Mère, mère, toi qui travailles au loin (bis),
Mon frère Solo a été dévoré par Koyoko; mère, mère,
[toi qui travailles au loin (bis),

Solo, le fils de ma mère, a été dévoré par Koyoko;
[mère, mère, toi qui travailles au loin (bis),

Mon frère Solo a été dévoré par Koyoko; mère, mère,
[toi qui travailles au loin (bis).

     Alors la femme prend sa houe, en frappe tous ses compagnons et les étend raides morts. La jeune fille continue à chanter:

Mère, mère, toi qui travailles au loin (bis),
Mon frère Solo a été dévoré par Koyoko; mère, mère,
[toi qui travailles au loin (bis),

Solo, le fils de ma mère, a été dévoré par Koyoko;
[mère, mère, toi qui travailles au loin (bis),

Mon frère Solo a été dévoré par Koyoko; mère, mère,
[toi qui travailles au loin (bis).

     Alors sa mère recommence à frapper avec sa houe les corps de ses compagnons; il n'en reste pas un de vivant. Puis elle part et retourne au village; tout en marchant elle ramasse des scorpions, des mille-pattes, des perce-oreilles, des fourmis et des araignées venimeuses et les met dans son sac. Quand elle arrive chez elle, elle y trouve Koyoko si repu qu'il ne peut plus bouger. Elle place devant sa hutte le sac qu'elle a rempli de scorpions et d'insectes venimeux; puis elle entre et se met à chercher dans ses effets; elle rassemble ses plus beaux colliers de perles et ses anneaux de métal et les place à côté. Puis elle sort de la hutte, rassemble de l'herbe desséchée, en fait de grandes bottes qu'elle lie avec des cordes d'herbes et les entasse contre les murs de la hutte.
     Alors elle dit à Koyoko: «Viens ici, que je te rase la tête.» Quand Koyoko s'est approché, elle prend une lancette et se met à lui déchirer les chairs de la tête; puis elle délie son sac. Les scorpions et les insectes venimeux en sortent par paquets et entrent dans les oreilles, la bouche et les yeux de Koyoko, qu'ils mordent et piquent jusqu'à ce qu'il en meurt.
     Alors elle appelle sa fille et lui dit: «Viens ici.» Elle prend ses colliers de perles et ses anneaux de métal et l'en pare; puis elle lui dit: «Maintenat, mon enfant, pars et va chez ta sœur Hlakatsabalé, femme de Masilo; surtout garde-toi bien de regarder derrière toi; quoi qu'il arrive, poursuis ta route et marche toujours devant toi.» La jeuen fille part et marche longtemps, bien longtemps. Alors elle se dit: «Je voudrais bien savoir pourquoi ma mère m'a défendu de regarder derrière moi»; il faut que je voie ce que c'est.
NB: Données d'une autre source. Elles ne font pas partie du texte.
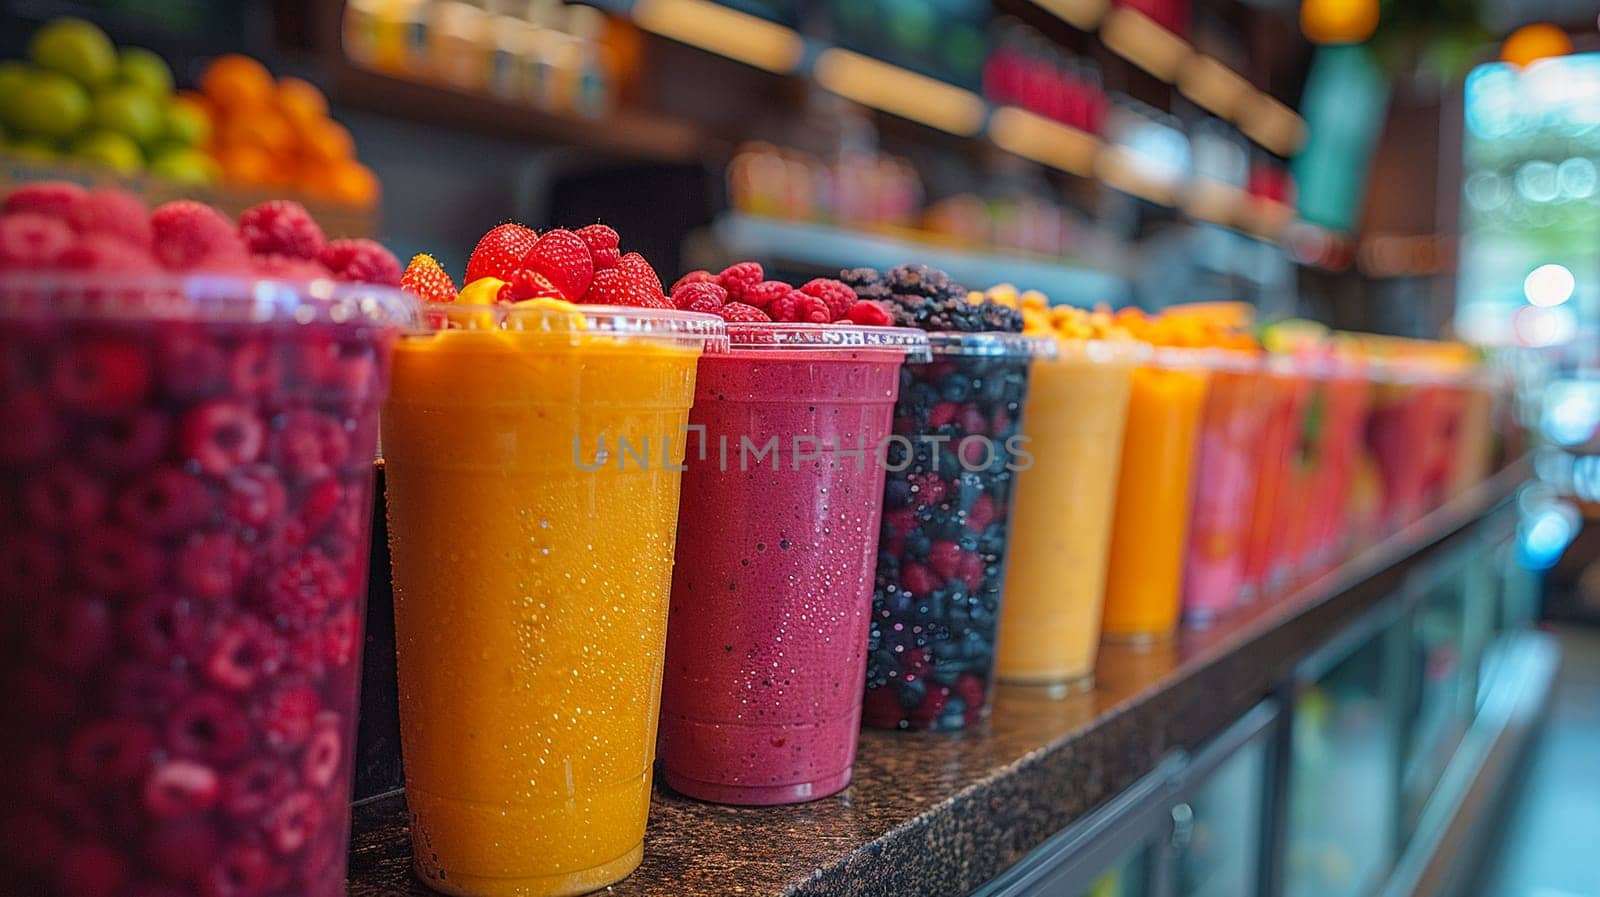 Vibrant Smoothie Kiosk Blends Health with Taste in Business of Refreshing Beverages by Benzoix

Peut-être qu'elle veut mettre le feu à la hutte et y périr.» Elle se retourne et voit une grande fummée qui monte au ciel; alors elle s'écrie: «Hélas! ma mère a mis le feu à sa hutte et se brûle toute vive.» Elle entend tout près d'elle une voix répéter: «Hélas! ma mère a mis le feu à sa hutte et se brûle toute vive.» Elle regarde et voit un animal étrange; elle se demande tout étonnée: D'où cet animal peut-il bien sortir?» La voix reprend: «Prête-moi un peu tes colliers de perles et tes habits, que je voie comme il me vont.» Alors la jeune fille se dépouille de ses vêtements et les donne à Mosélantja. Mosélantja les revêt et donne à la jeune fille les haillons dont elle est recouverte.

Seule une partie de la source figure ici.